Слева от дома в ряд, касаясь его одним боком, стояли деревянные хозяйственные постройки, точно вползающие в землю нижним венцом брёвен. Часть из них, по-видимому, не используемая по назначению частично пришла в негодность, и некогда двухскатная крыша, крытая рубероидом и тонкими листами железа, прохудившись, местами обвалилась. Однако два строения, где проживали мохноногие куры и краснолапые гуси, балякавшие на своём языке и, что-то торопливо выбирающие из долгой, железной лохани, сохранили свой вид и всё ещё верно служили своим обитателям.

По другую сторону от дома раскинулся совсем крохотный надел земли, освобождённый от деревов и кустов да поросший зёлёными кочанами капусты. Это были изрядно здоровущие ребята, а их одёжи блистали какой-то весьма ладной лощёностью аль полированностью, точно пред тем как показаться мне они, долго-долго натирали свои бока обувной щёткой. И мне враз захотелось оторвать долгий лист с одного такого кочана и вот такой мёрзлый, сбрызнутый осенней мжицей, сыплющей с небес, засунуть в рот, чтоб ощутить на зубах, языке, дёснах и нёбе стылость этого времени, родственность этого места и ядрёный вкус этого овоща.

В глубине ж двора, сразу за огородом с восседающими на них кочанами, куда из дома вели неширокие сени с низкой дверью и узким порогом, тоже осевшим, вжавшимся в землю несколькими ступенями, имеющими довольно ровное полотно, хоть и почерневшее от жизни, росли плотными рядами дерева. То в основном были взрослые яблони и вишни с потрескавшейся корой, на большущих в обхвате стволах. Покорёженные и тоже почемуй-то чёрные ветви деревьев, обсыпанные хрустальными каплями водицы, будто сеяными сквозь сито, чуть слышно позвякивали, может, оледенев от мёрзлости дующего в этих краях пронзительного ветра, а может, просто толкуя промеж себя.

Под одним из смотрящих на меня окном, где от набежавшего и тотчас отхлынувшего дуновения ветра легохонько покачивалась, лобызаясь со стеной, створка ставни на приземистой, как и сам дом, лавке чуток набекреневшийся на бок восседала старуха. Она сложила красноватые, обветренные руки себе на грудь, старясь согреть их или отдышаться, и замерла, так что впервый миг показалась мне каким-то изваянием, как в музее наглядно изображающим быт простого народа.

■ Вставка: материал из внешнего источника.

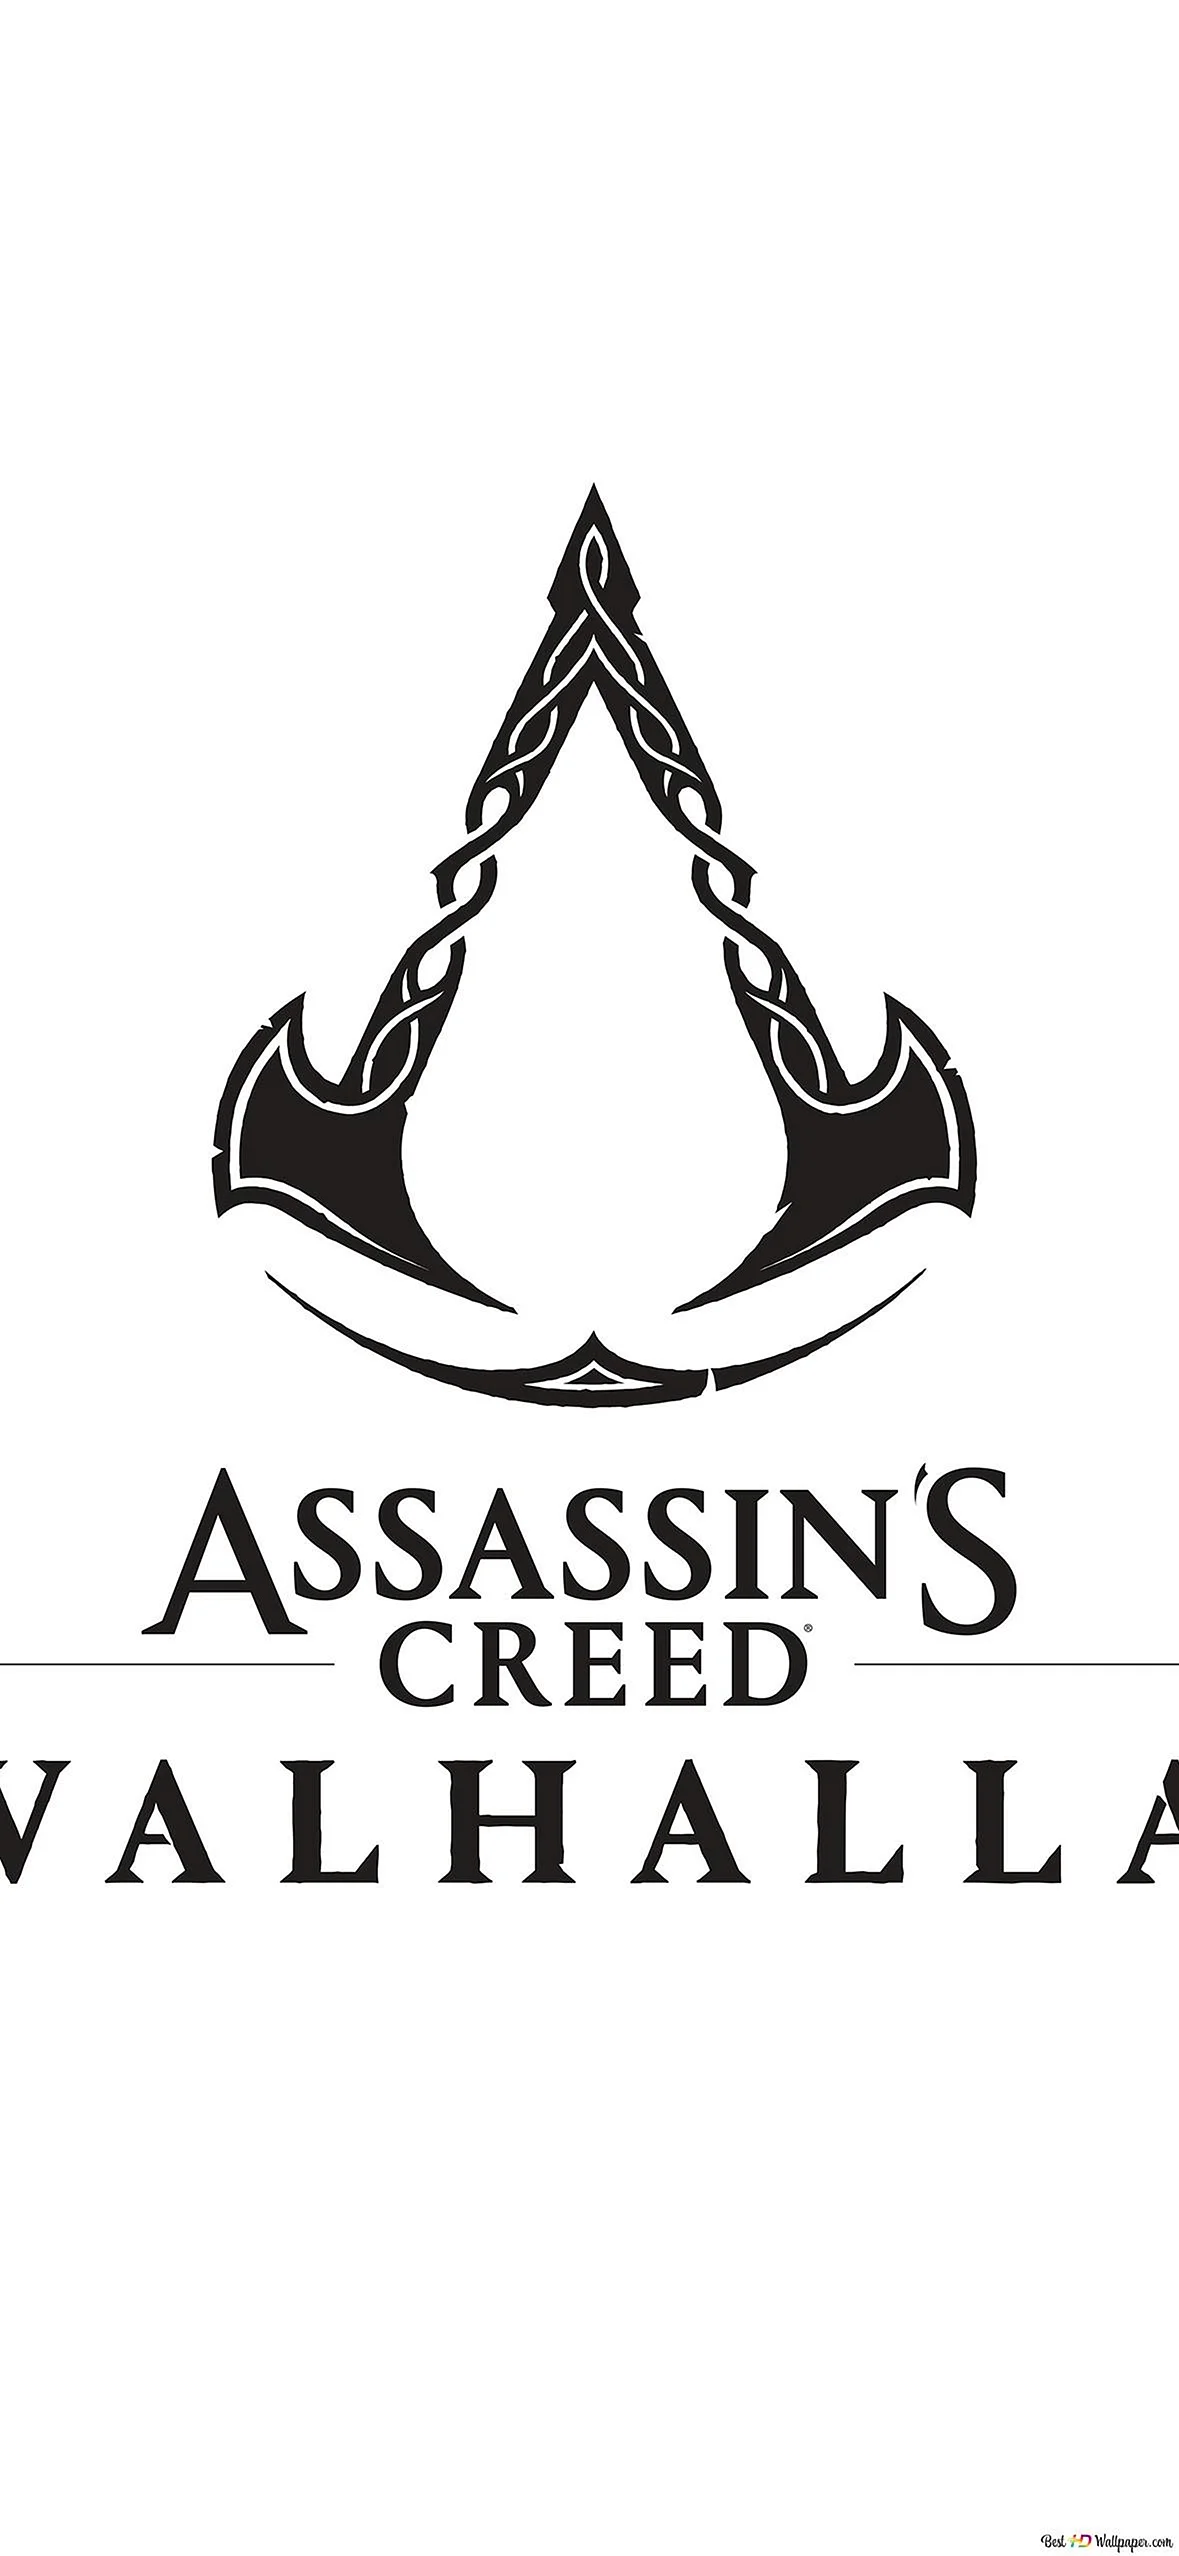 Assassins Creed Valhalla Wallpaper for iPhone 14 Pro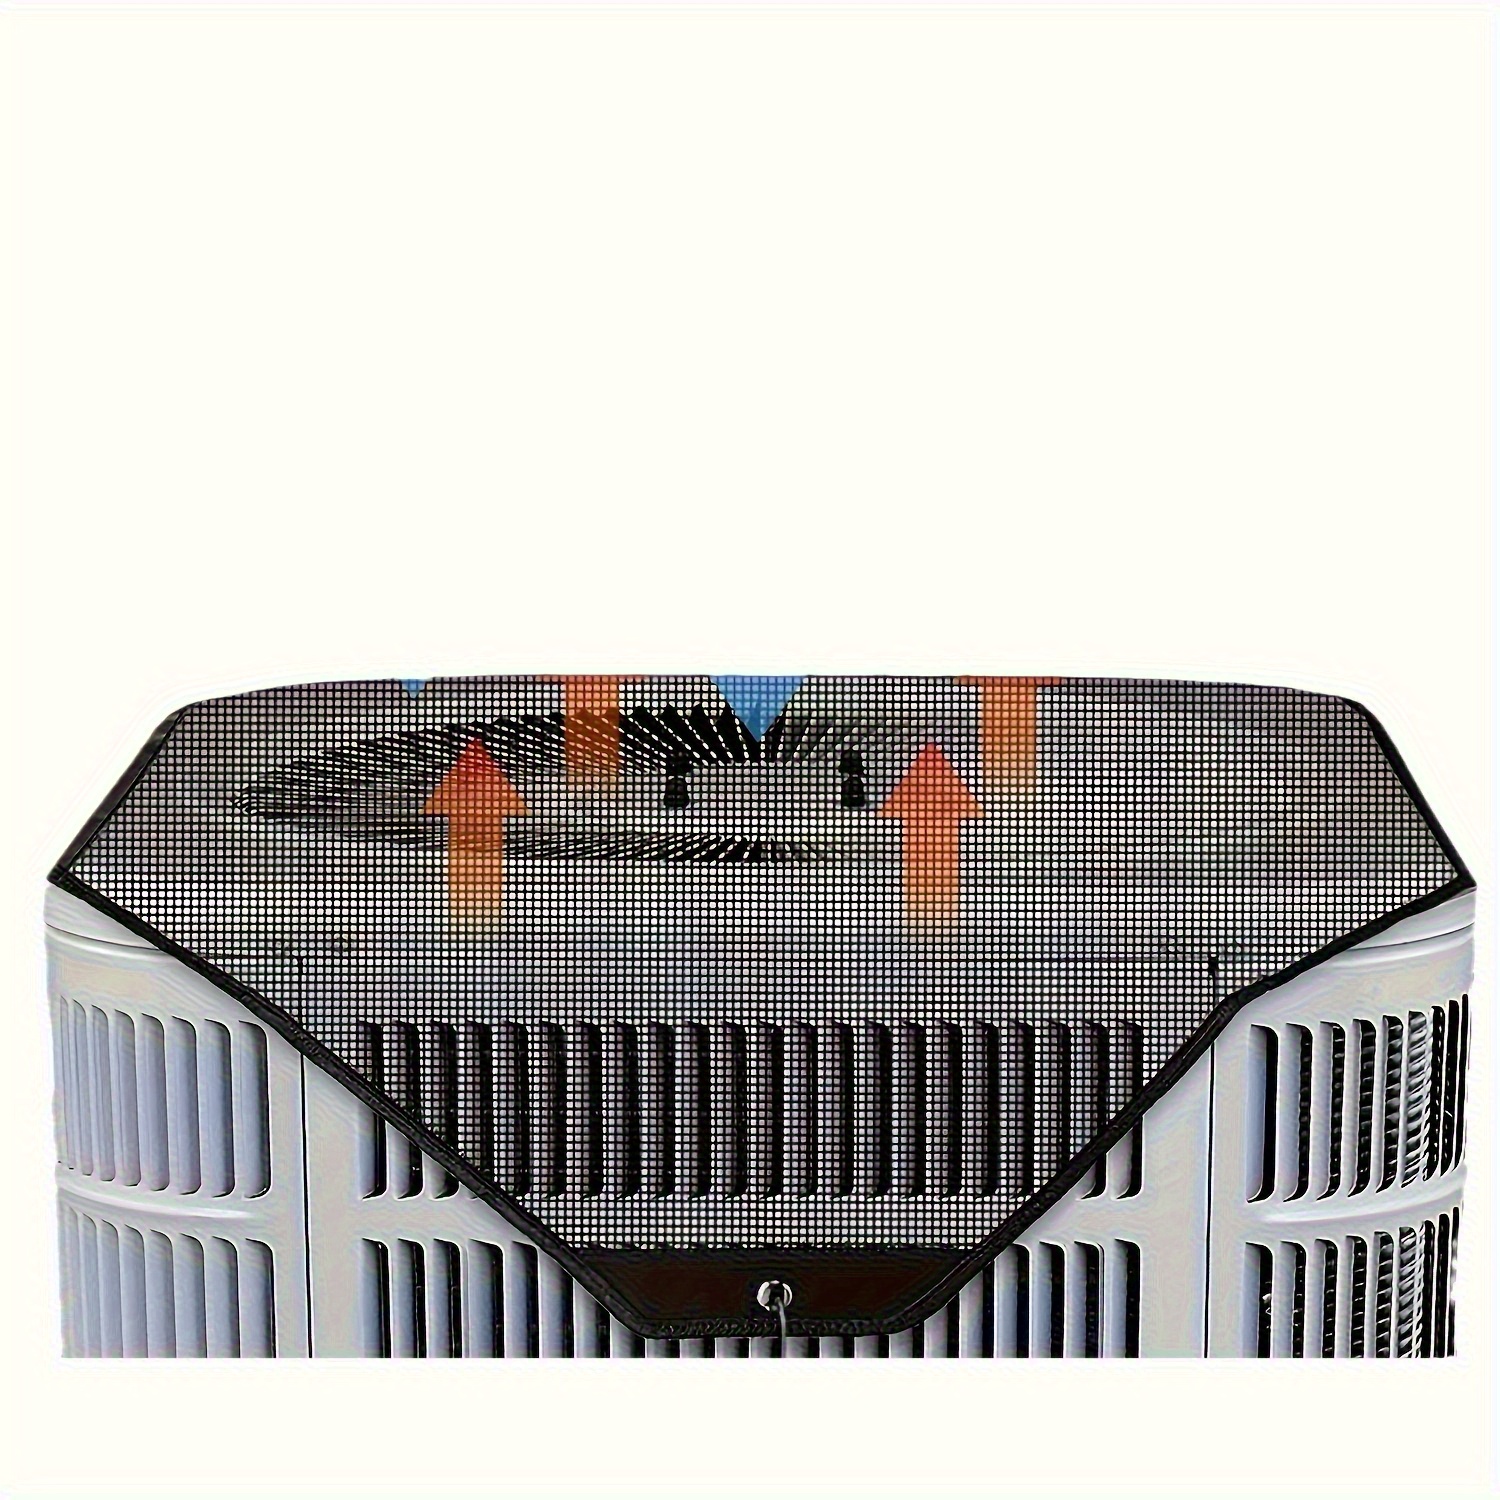 

1pc, Durable Outdoor Air Conditioner Cover Water Resistant Fabric, Windproof Design, Protects Against Dust And Cold Air, Pvc Mesh For Ventilation

Да только бабулька была не восковой, ни магазинным манекеном, она была живой… живой средь вымирающей и распадающейся на части деревни.

Весьма грузная, про каких у нас часточко говаривают полнотелая, бабка потрясала взор своей живостью и румяностью щёк. Я привстал на носки и, заглянув в глубину двора, всмотрелся в эту старую женщину каким-то необъяснимым чудом сберёгшую и сам дом, и себя в целости.

Старуха была одета в потёртую серую фуфайку с больно дряхлыми рукавами особенно на локтях. Там и вовсе кое-где зрилась выглядывающая из прорех белесоватая ватина. Эта фуфайка, словно снятая с арестанта, всё же смотрелась не замызганной… Затёртой да! Но не грязной. Она, без всякого сомнения, была куплена еще в те времена, когда в деревеньке обитали люди, лаяли собаки, звучала из граммофона, пристроенного на электрическом столбе музыка… тогда, когда люди здесь рождались, а не только вымирали.

Несомненно, эта фуфайка была старой, однако сумела пройти свой жизненный путь достойно, а посему сберегла положенную любой вещи чистоту. Впрочем, при общей разрушенности и обездоленности этого края бабуся была и сама весьма чистенькой.

И её цветастая длинная, скрывающая сами щиколотки, юбка, и чёрные глянцевые галоши, несмотря на грязь, демонстрирующие свой цвет. Слегка осевший от прожитого буровато-серый пуховой платок, будто выгоревший от ярких лучей солнца, напрочь скрывал волосы старухи. Лицо бабки порозовевшее от мёрзлого воздуха, смотрелось весьма миловидным и добрым… наверно когда-то эта женщина, девушка, девочка отличалась яркой красой присущей нашему народу, потому и доселе на округлом её лице находились крупные легохонько поблекшие сероватые очи, широкий с прямой спинкой нос, изогнутые и всё доколь густоватые брови. Большой рот с полными губами и приподнятыми вверх уголками придавал бабульке удивительную добродушность, и казалось, что она улыбается… толи этому пасмурному, ненастному дню, толи здоровущей капусте лежмя-лежащей подле её ног.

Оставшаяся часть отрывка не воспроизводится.